What the River Knows: Essays from the Heart of Alaska
Details
By: Michael Engelhard
ISBN: 978-0-88839-778-2 [Trade Paperback]
ISBN: 978-0-88839-800-0 [Trade Hardcover]
ISBN: 978-0-88839-779-9 [eBook]
Binding: Trade Paper
Size: 6" X 9"
Pages: 320
Illustrations/Photos: 2
Publication Date: 2024
Description
Edward Abbey, who never much liked Alaska, called it “our biggest, buggiest, boggiest state.” To others, it has been a cure for despair. When Michael Engelhard moved to Fairbanks more than three decades ago, he was a cheechako, a subarctic tenderfoot. Gathering skills and experiences the hard way, he attained “Sourdough” status while realizing there would always be more to learn, see, and do in the land of midnight sun and auroras.
En route, Engelhard suffered frostbite, stubborn yaks, grizzly charges, trophy hunters, cold-water immersion, heartbreak, incontinent raptors, one pesky squirrel, and honeymooners from abroad. He tried to rescue a raven and explored Arctic dunes and a glacier’s blue heart, and his own as he mingled with caribou on their epic journeys.
Author Biography
Michael Engelhard worked for 25 years as an outdoor instructor and wilderness guide in Alaska and the Canyon Country. He received a Master’s degree in cultural anthropology from the University of Alaska, Fairbanks, where he also taught very briefly—indoor classrooms just weren’t his thing.
He is the recipient of a Rasmuson Individual Artist Award, a Foreword INDIES and Independent Publisher Book Award, and three Alaska Press Club Awards. His books include Ice Bear: The Cultural History of an Arctic Icon; his account of a solo trip from the Canada border to the Bering Sea, Arctic Traverse: A Thousand-Mile Summer of Trekking the Brooks Range; and No Walk in the Park: Maunderings and Meanderings of a Canyon Guide.
A Luddite fence sitter and migrant by training and inclination, he moves wherever his needs are met best, just like the people and critters he so admires.
Book Reviews
“Engelhard not only heeds the call of the wild, but also provides eloquent descriptions of its ever-diminishing decibel level."
— Lawrence Millman, author of The Last Speaker of Bear
“A compelling account of life on the frozen edge, serving as a literary conduit between North and South."

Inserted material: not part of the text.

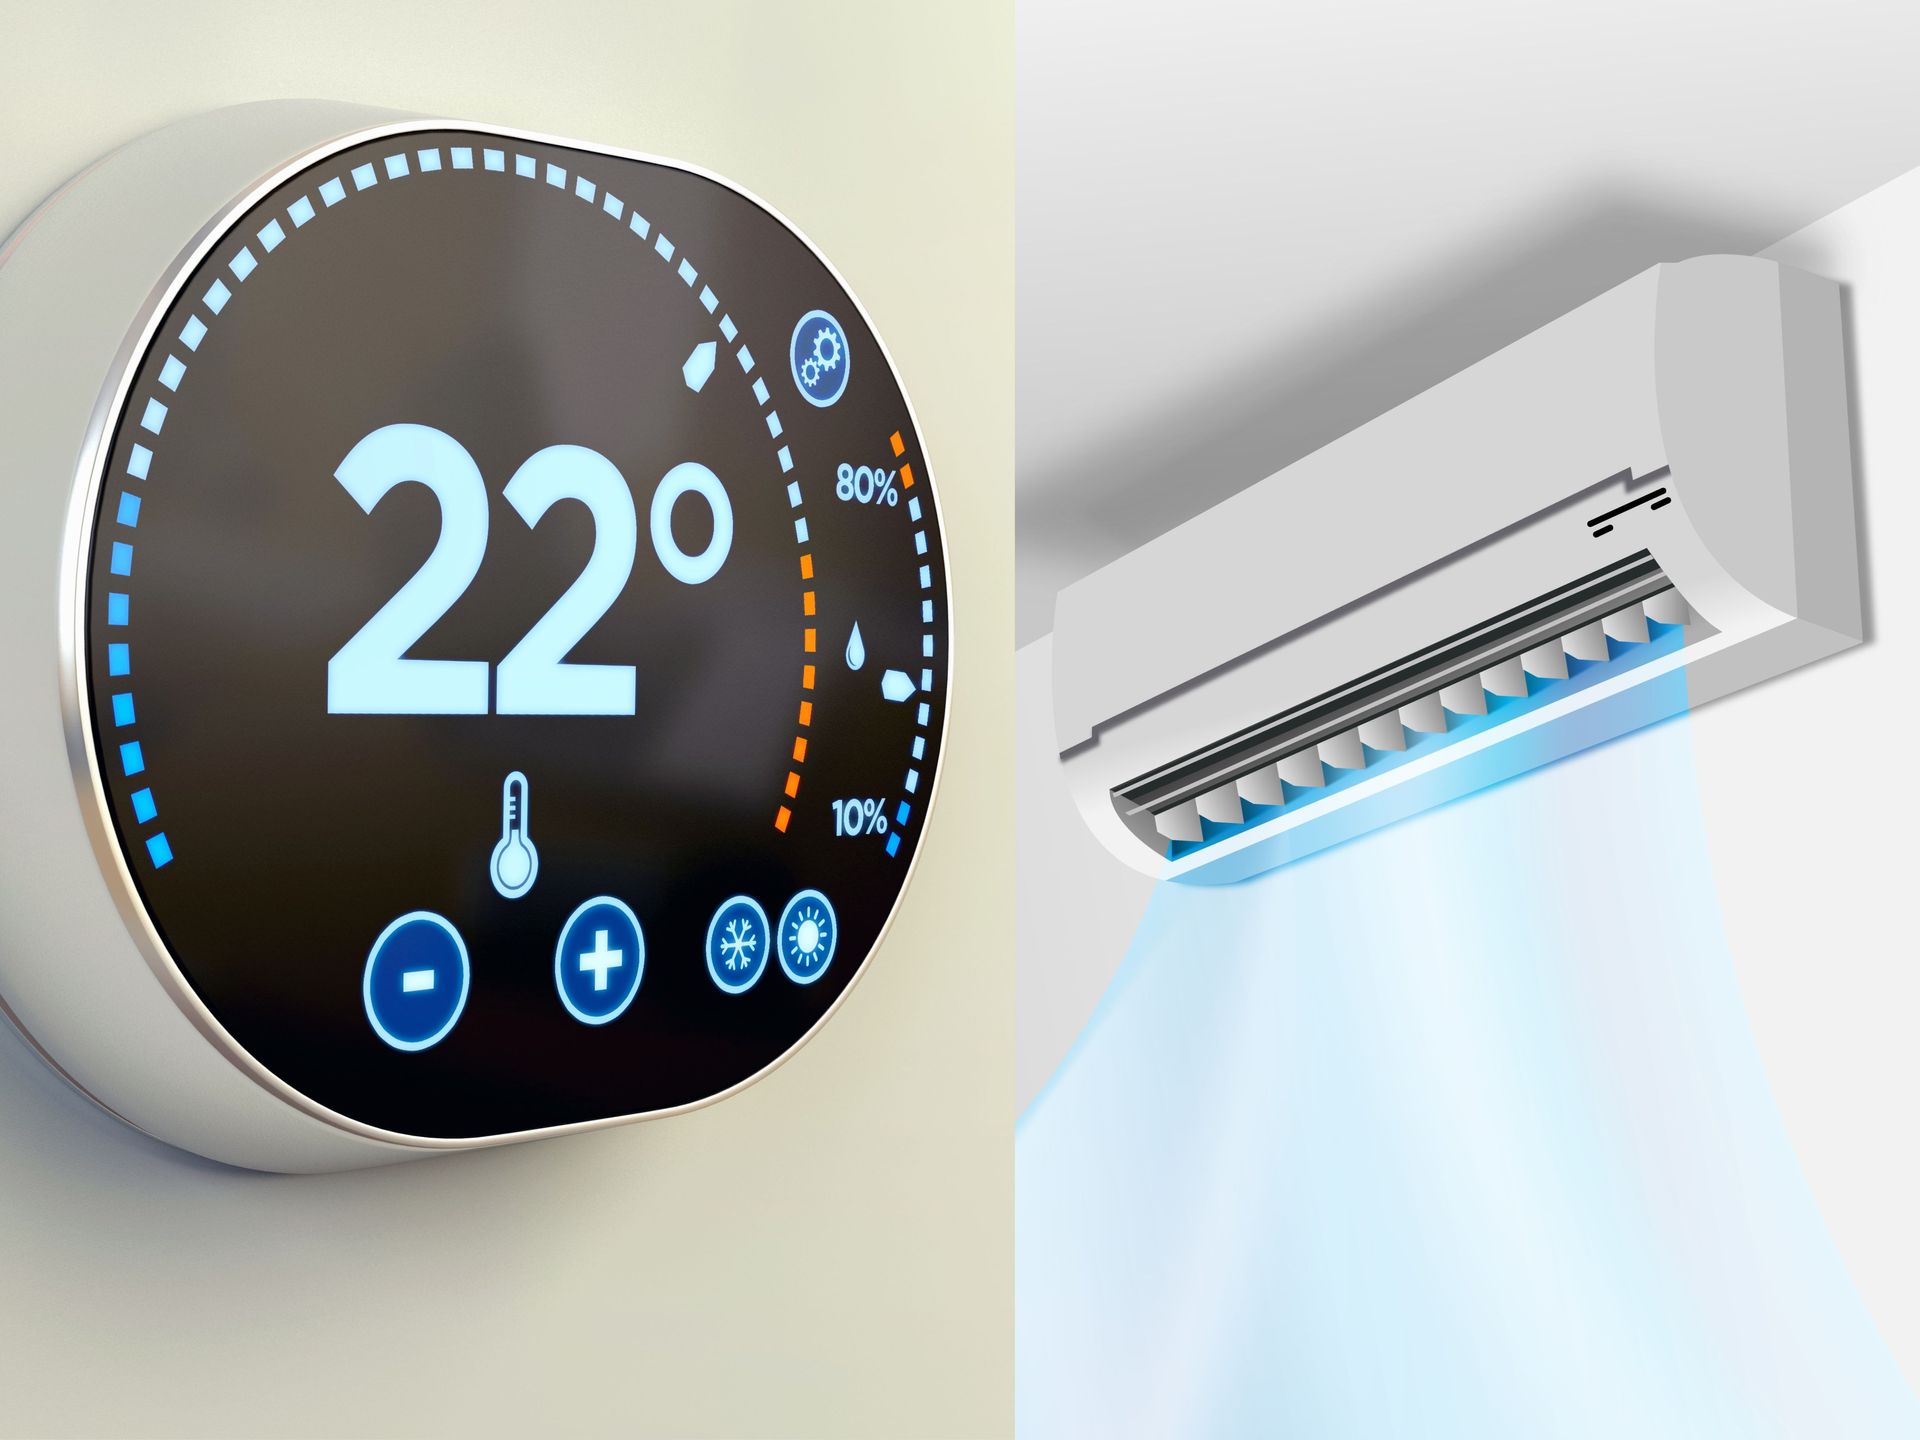 thermostat vs ac

— Gloria Dickie, author of Eight Bears
“Engelhard’s self-deprecating northern odyssey takes him from the slopes of Denali, to the pages of a magazine peddling lonely Alaskan men. He guides snobby bear hunters on Kodiak Island, negotiates class IV rapids, goes head to head with thieving squirrels—and loses. Along the way he pokes holes in the myth of the stoic Alaska Man with humor and authenticity."

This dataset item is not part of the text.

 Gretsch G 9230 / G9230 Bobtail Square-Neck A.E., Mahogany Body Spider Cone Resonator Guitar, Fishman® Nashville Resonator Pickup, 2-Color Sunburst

— Andy Hall, author of Denali’s Howl
“Bound to become a new classic of the outdoors. Sure to be cherished by all who love Alaska and who long for wilderness.”
— Bill Streever, bestselling author of Cold
“Engelhard runs rapids and ascends Arctic peaks not in pursuit of accomplishment, but, rather, perspective—on human folly, amid nature’s majesty in the Great North.”
— Ben McGrath, author of Riverman
“The verve, humor, sympathy, and passion of Engelhard’s writing help us annihilate the distance separating us from the Alaskan wild.”
— Christopher Norment, author of Return to Warden’s Grove
“Evocative, erudite, and immersive.”
— Nancy Campbell, author of The Library of Ice
“Takes the reader through adventures in the wild and of the heart with an engaging combination of wit and expertise.”
— Lara Messersmith-Glavin, author of Spirit Things
“Engelhard manages something rarely even attempted in outdoor literature: stories focused not on the death-defying prowess of the adventurer, but on the wild glory of place.”